Transform Your Practice: How Population Health Can Help You and Your Patients


Population health represents a massive shift in the cultural foundation of healthcare.

You probably hear the term tossed around at conferences and in social media, but we want to use this article to familiarize you with what exactly it is, how it’s being used, the technology around it, and how you can expect it to impact your world as a provider.


What Population Health Is

In its broadest sense, population health is the health outcomes of a group of individuals, but it also includes looking at the distribution of those outcomes within the group. Those groups can be determined by multiple demographics including


  • Geography
  • Race/Ethnicity
  • Gender
  • Socioeconomic status
  • Nations/Communities
  • Company of employment
  • Disability
  • Relationship with the penal system


One of the broad goals of population health as a management initiative is to eliminate differences of health within groups, or at least reduce them substantially. It’s most important to note the distinction between the overall health within these populations and the distribution of health within those same groups.

Another important distinction to make is between that of population health and public health. Public health refers the critical functions of state and local public health entities (e.g. epidemic prediction, containment of environmental hazards, the encouragement of healthy behavior.) That said, broader definitions that include the insurance of the health of the public can intersect with the concept of population health.

Whether it intersects with public health or not, population health will involve multiple stakeholders, technologies, and principles in its application.

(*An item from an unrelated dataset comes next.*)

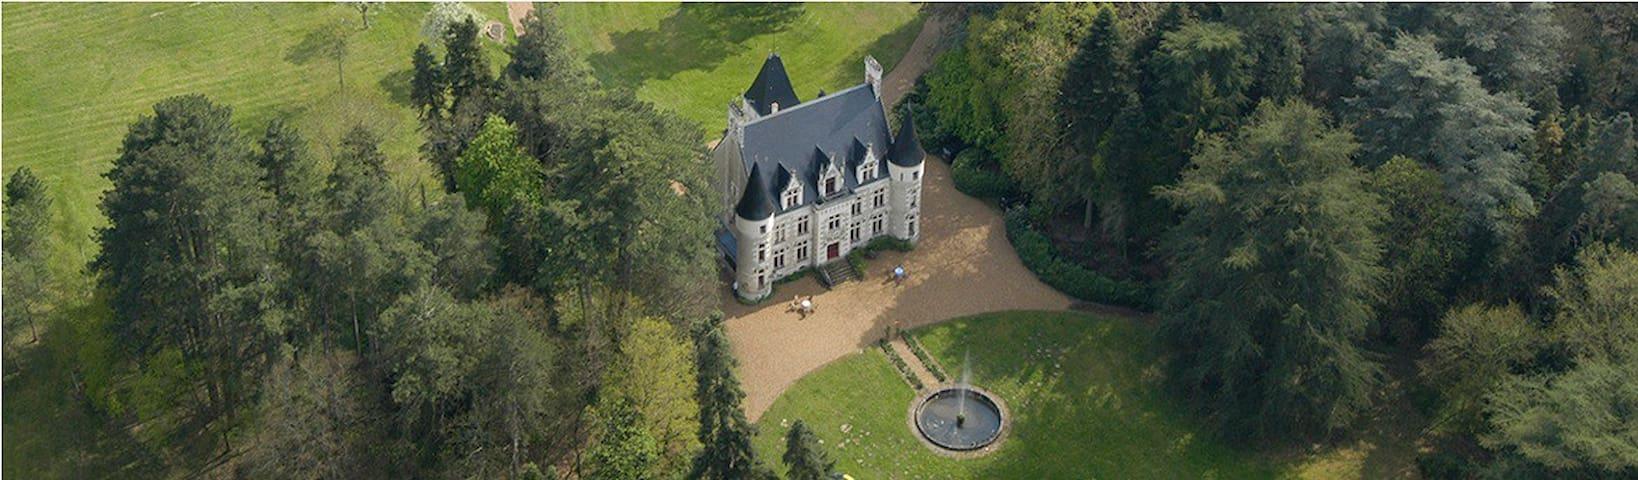 Overnachten in Frankrijk Château Le Grand Biard - Cère-la-Ronde - Bed & Breakfast
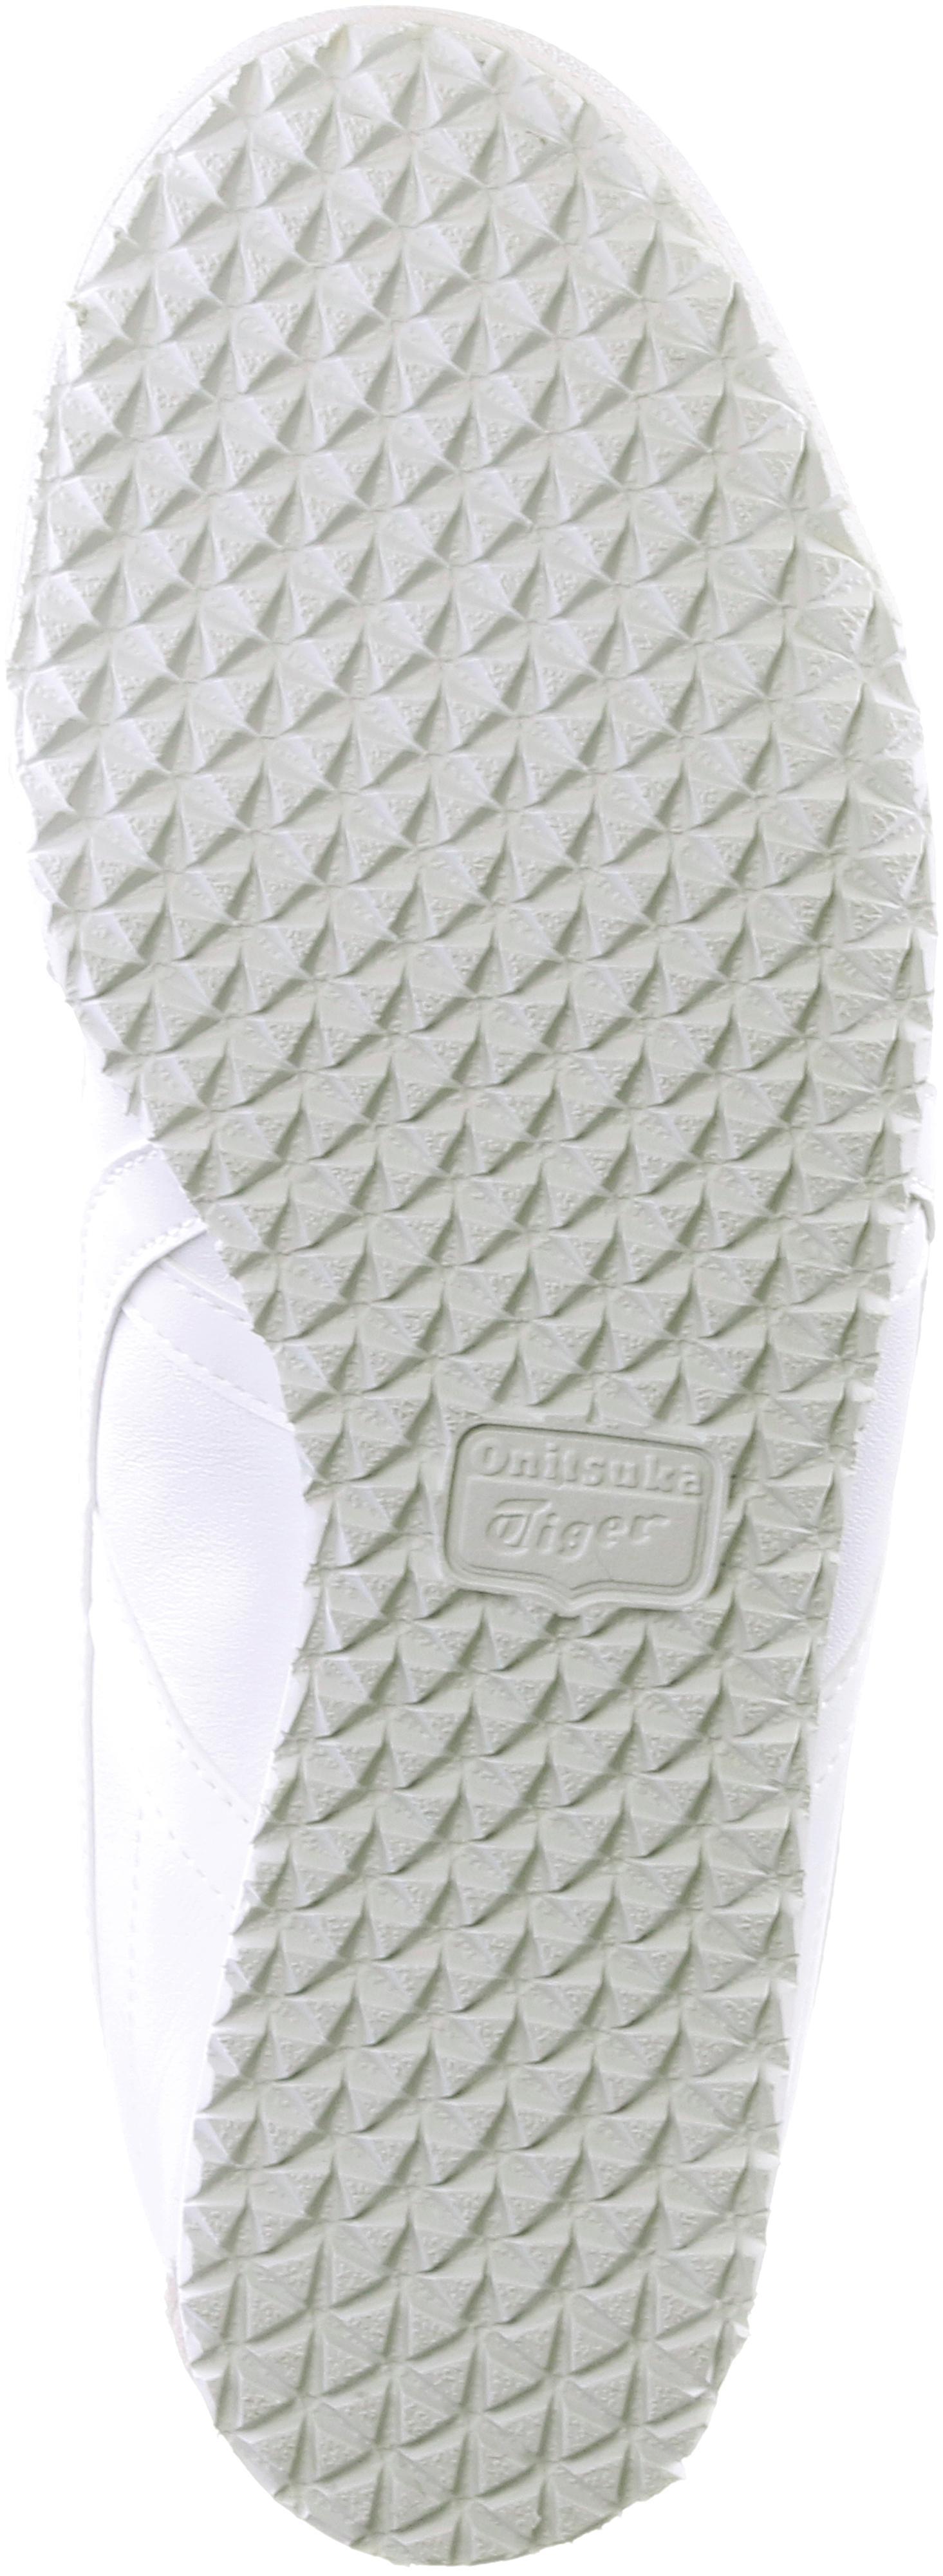 ASICS Mexico von 66 Turnschuhe schwarz-schwarz im Online Shop von Mexico SportScheck kaufen Gute Qualität beliebte Schuhe 3e3797

How Population Health Is Being Used

Since population health is such a broad concept, you’ll see it popping up everywhere from the treatment of different diseases to the basis of tech development and research. Here are a few examples of the most prominent areas you’ll see it referenced.


Disease Management

The world is losing its battle against diabetes. In the U.S. alone it is the sixth leading cause of death as well as the leading cause of non-traumatic amputations, new cases of blindness, and the leading cause of kidney failure. Population health-based initiatives are promising a new way of addressing this growing problem.

disease management

One of the most challenging aspects of the addressing diabetes is the sheer complexity of the condition. Because of fragmented services, chronic patients may visit over a dozen separate physicians in a year, increasing their chance of being subject to the effects of a medical error, even within the same provider community of one hospital. Much of this is caused by the disconnect in information sharing between acute care and other settings. Patients and their families are left to coordinate care through the healthcare continuum themselves, leaving us with the fact that only 56% of care that is recommended by physicians is actually received. Add on the issue of self-management in the diabetic patient (a heavy influencer of health outcomes) and the results aren’t surprising.

Both payers and providers are coordinating their efforts to use population health to address some of the shortfalls in diabetes management. Once an organization has identified a cohort of interest (this might be age, geography, diagnosis, or another demographic factor) they can identify gaps in care, begin stratifying the cohort based on risk, and then move on to properly engaging the patient, managing care, and measuring outcomes.


This involves outreach, education, treatment and assessment, and prevention to maintain contact with a patient that flows through all points of the care process — before, during, and after medical intervention. Clinicians, financial analysts, and IT teams have been organized by strategists to map three, population health-based paths that lead to better diabetes outcomes with lowered costs.


  • Stratifying patients based on clinical risk: This involves the use of aggregated data and predictive analysis to identify patients, cut back on delays in their diagnosis, establish consistently managed care, and improve resource allocation.
  • Coordinating care across the continuum: This path means eliminating miscommunication and ineffective transitions between providers to improve collaboration across the entire care community. Care management programs are deployed to provide better guidance to the most at-risk patient groups.
  • Improving outcomes by engaging patients: The inclusion of the patient and family in the work of the care team is effective in increasing satisfaction and better enabling compliance with established preventative practices.


Government Programs

While the benefits of population health are largely obvious, coordination at a national level has required the involvement of the federal government. CMS, with its traditional focus on the elderly and lower-income brackets, has moved to focus on supporting programs that prioritize behavioral, social, and environmental factors.

Their initiative, Quality Strategy, was launched at the beginning of this year and, according to, aims to “reconcile clinical and community views of ‘population health’, or the groups beyond those enrolled in a health system.”


To expand program outreach, CMS is developing its Innovation Center where it tests new approaches to achieving goals such as connecting providers and patients to social services and care management payments to “non-face-to-face” services.

Medicare and Medicaid may offer more flexibility in comparison to fee-for-service contracts in reimbursing population-based services. Accountable Care Organizations (ACOs) are also looking at ways to pull non-clinical members into care teams to address connecting high-risk patients  and help them address barriers to care that are socially and community-based.

CMS also emphasizes the fact that it can use its authority in other ways, one example of which is its State Innovation Models (SIM). These require that participating states use their payment, regulatory, and policy authority to improve the health of their populations.



Universities around the country are making amazing strides in multiple aspects of population health.

Clemson University has recently announced its plan to worth with community partners in using population health to improve the well-being of South Carolinians overall. Recently, the school invited experts from different land-grant universities across the country to discuss and share ideas around Cooperative Extension Service programs that have been effective in their respective states.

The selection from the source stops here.